Blazing through Word documents isn’t just a matter of how many words per minute you can type. That’s because your overall speed and efficiency is affected by how often you have to take your hands off the keyboard to work the mouse. When working in Word 2010, you’ll most likely be reaching for the mouse each time you want to apply a style. But with this groovy time-saving tip, you won’t have to, thanks to custom style keyboard shortcuts.
Word 2010 Default Style Keyboard Shortcuts
If you don’t know already know the following Word 2010 style keyboard shortcuts, learn them. They’ll save you tons of time in the long run:
|CTRL+SHIFT+S||Opens “Apply Styles” task pane|
|ALT+CTRL+SHIFT+S||Opens “Styles” task pane|
|CTRL+SHIFT+N||Apply Normal style|
|ALT+CTRL+1||Apply Heading 1 style|
|ALT+CTRL+2||Apply Heading 2 style|
|Alt+CTRL+3||Apply Heading 3 style|
These will let you whip through basic Word documents without touching your mouse.
Custom Style Keyboard Shortcuts in Word 2010
If you want to move beyond the default keyboard shortcuts for Normal and H1 through H3, you can set up your own custom style keyboard shortcuts. You can assign any style to a custom keyboard shortcut. Say, you could press ALT+Q to apply the “Quote” style or ALT+T to apply the “Title” style. Here’s how:
Right-click a style in the Style pane and choose Modify.

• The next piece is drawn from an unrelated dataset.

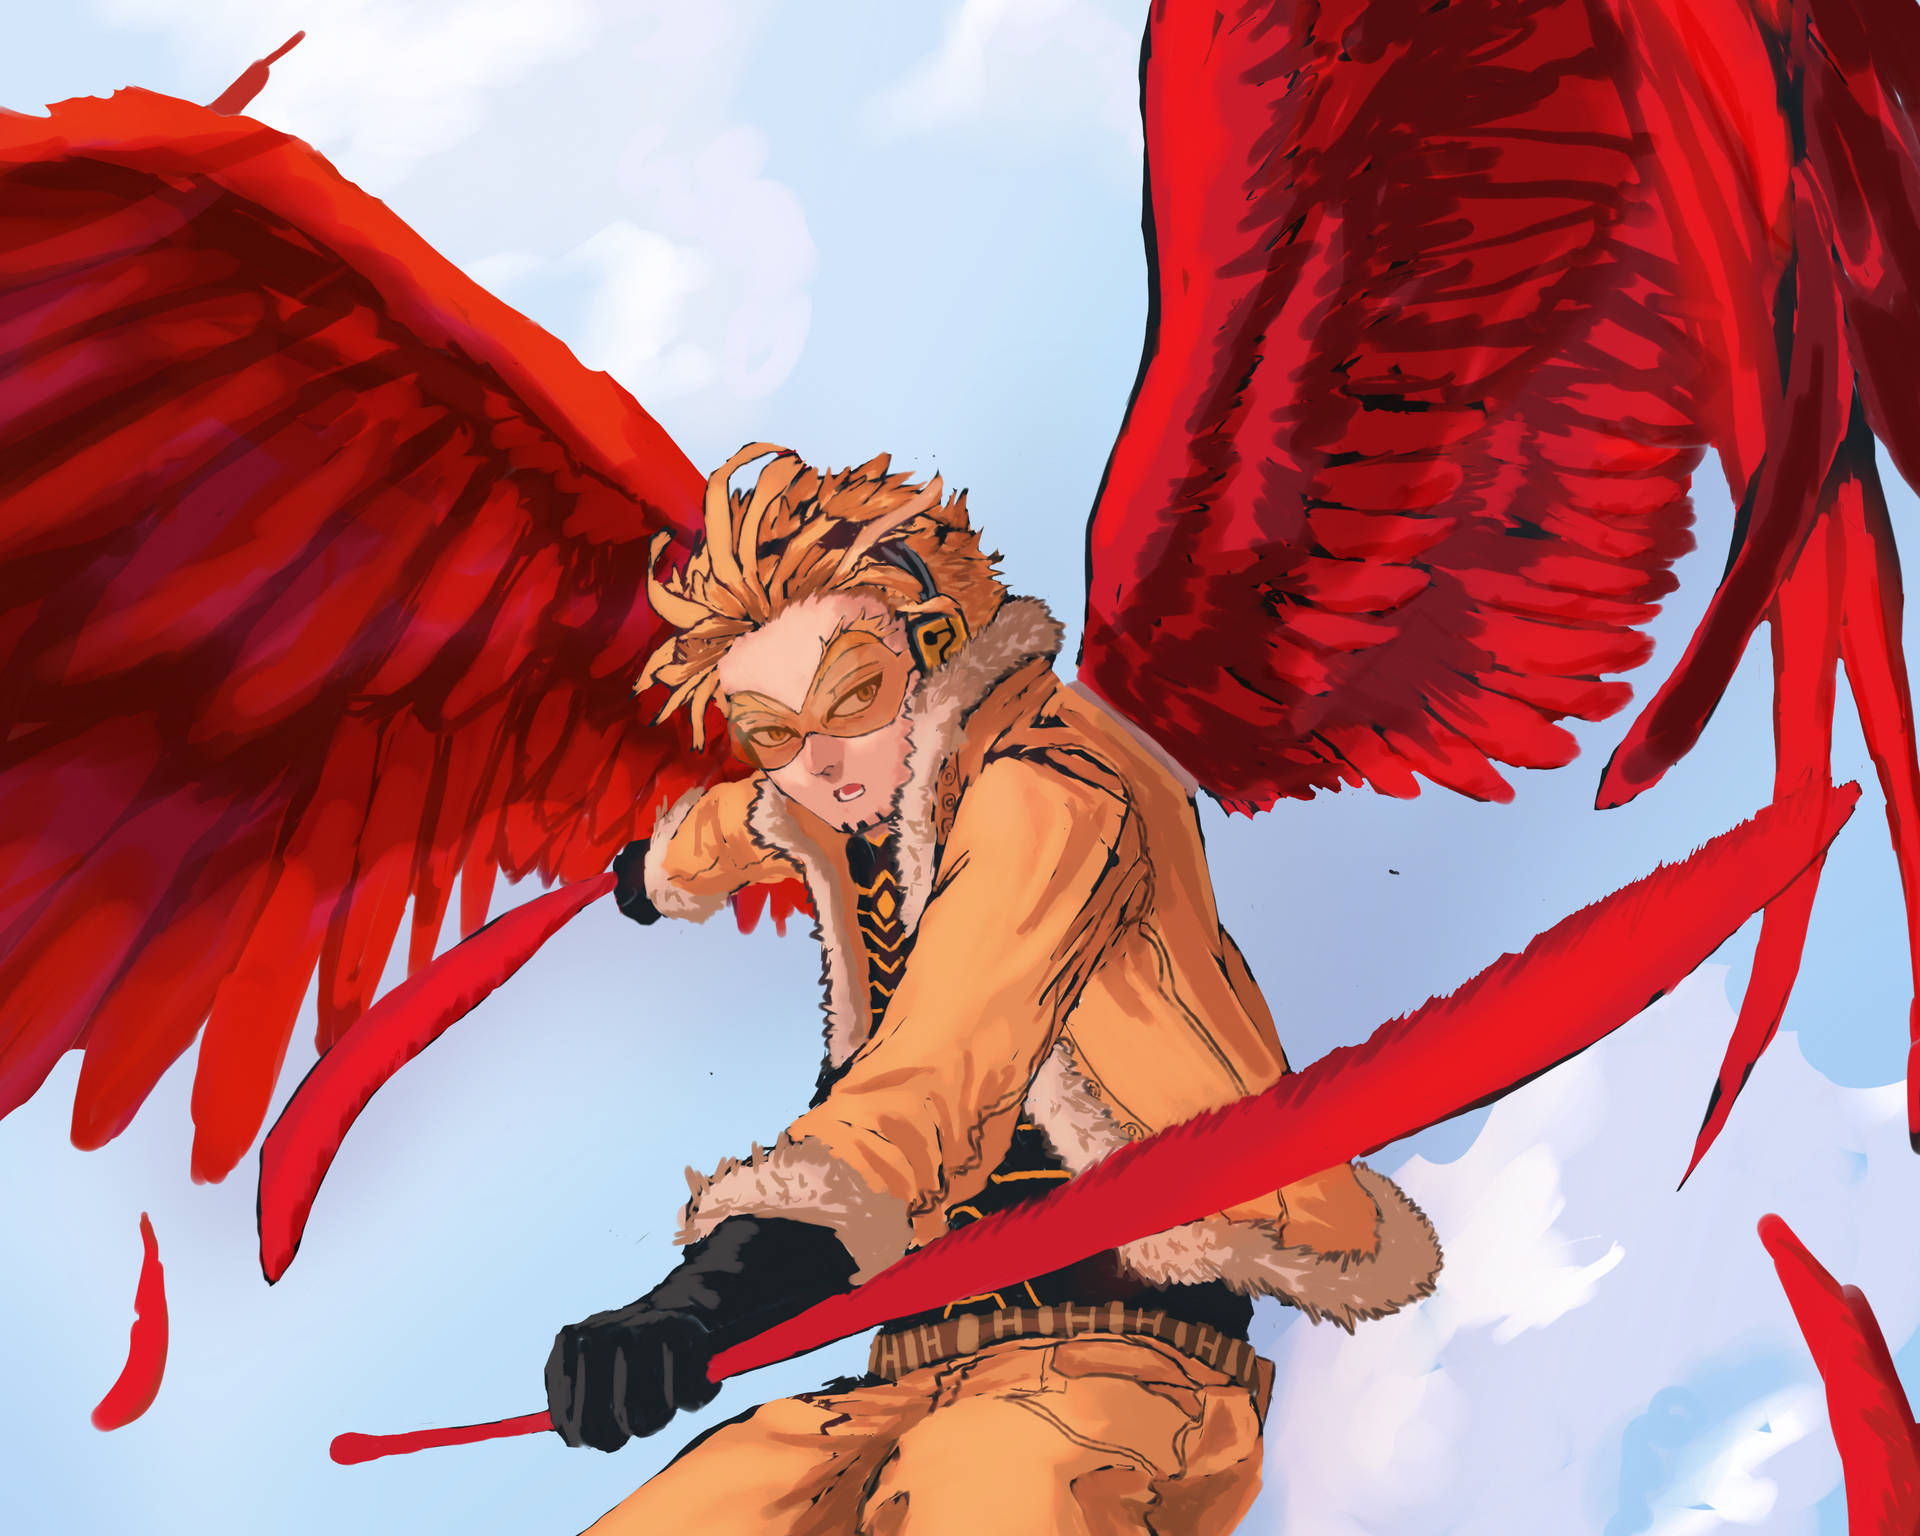 "The Wildly Popular Hero Hawks Circling The Skies" Wallpaper

Click Format and choose Shortcut key…
Place your cursor in the field that reads Press new shortcut key. Press the shortcut key on your keyboard that you’d like to assign to the selected style.

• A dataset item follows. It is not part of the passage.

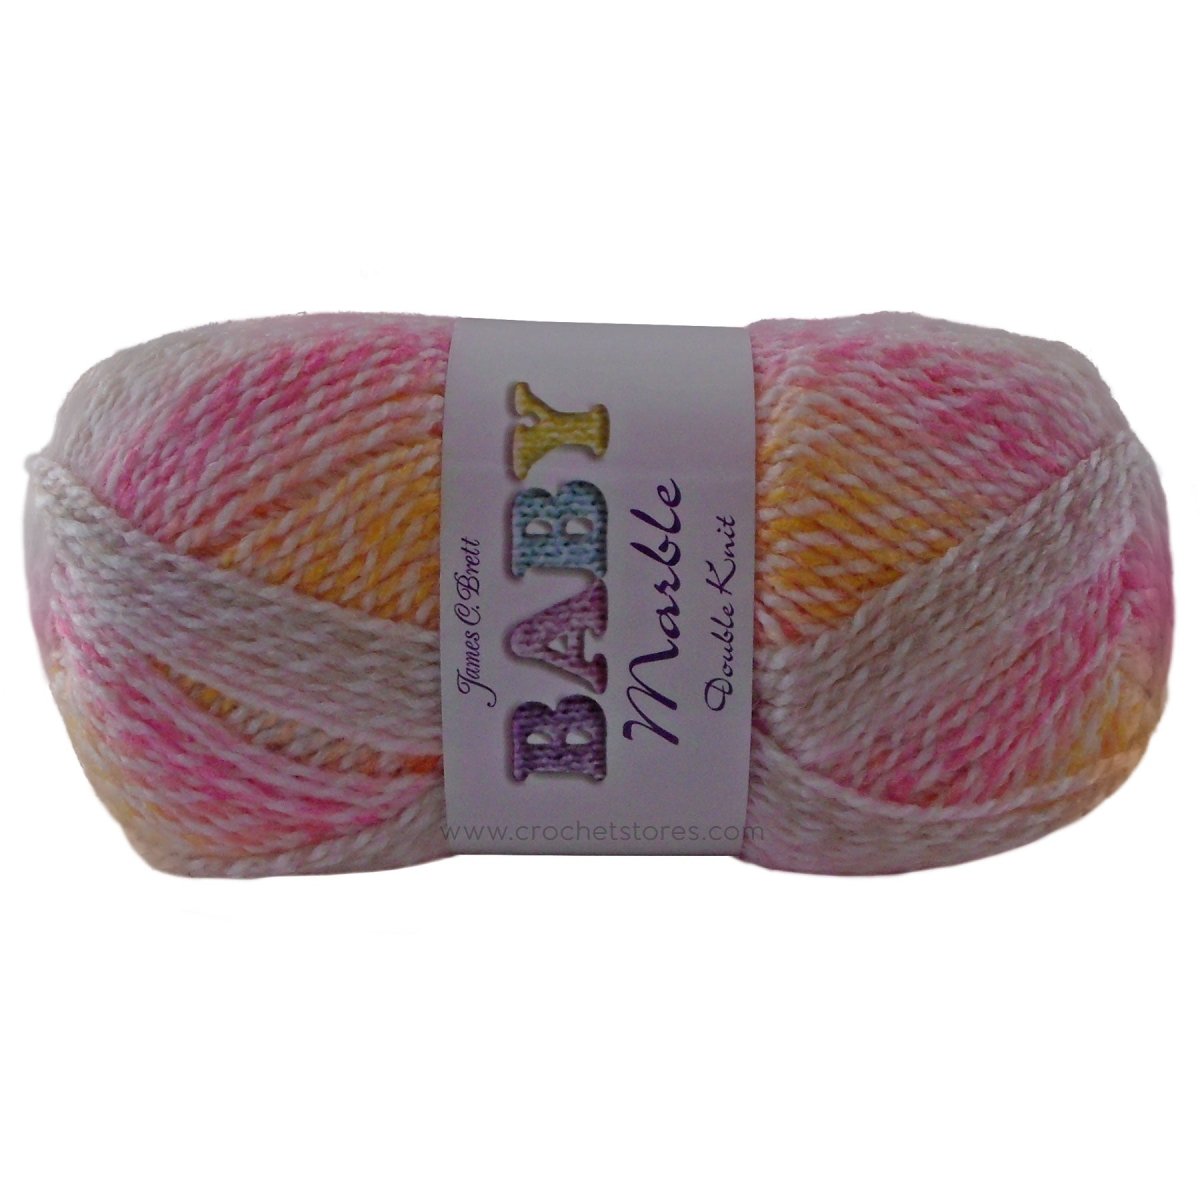 BABY MARBLE DK - CrochetstoresBM175055559061489

Verify that the shortcut key that you just entered is unassigned to avoid conflicts. For example, you wouldn’t want to assign a shortcut key to CTRL+B, since that’s already being used by Bold.
Click Assign when you’re done.
Lastly, make sure that “New documents based on this template” is selected in the Modify Style window. This will apply this custom style keyboard shortcut to all documents based on the normal template (or whichever template you’re using).
Now, you can apply your custom style using your keyboard shortcut.
One last tip before we wrap this up: You can print off a handy reference sheet of all your keyboard shortcuts by going to File > Print and choosing Key Assignments in the settings section. If you don’t want to waste a sheet of paper, you can print it off to a PDF.
In Word 2007, you can access this feature via the Print What drop-down menu in the Print dialog.
Either way, it prints off a list of all of your custom shortcut keys for the current document.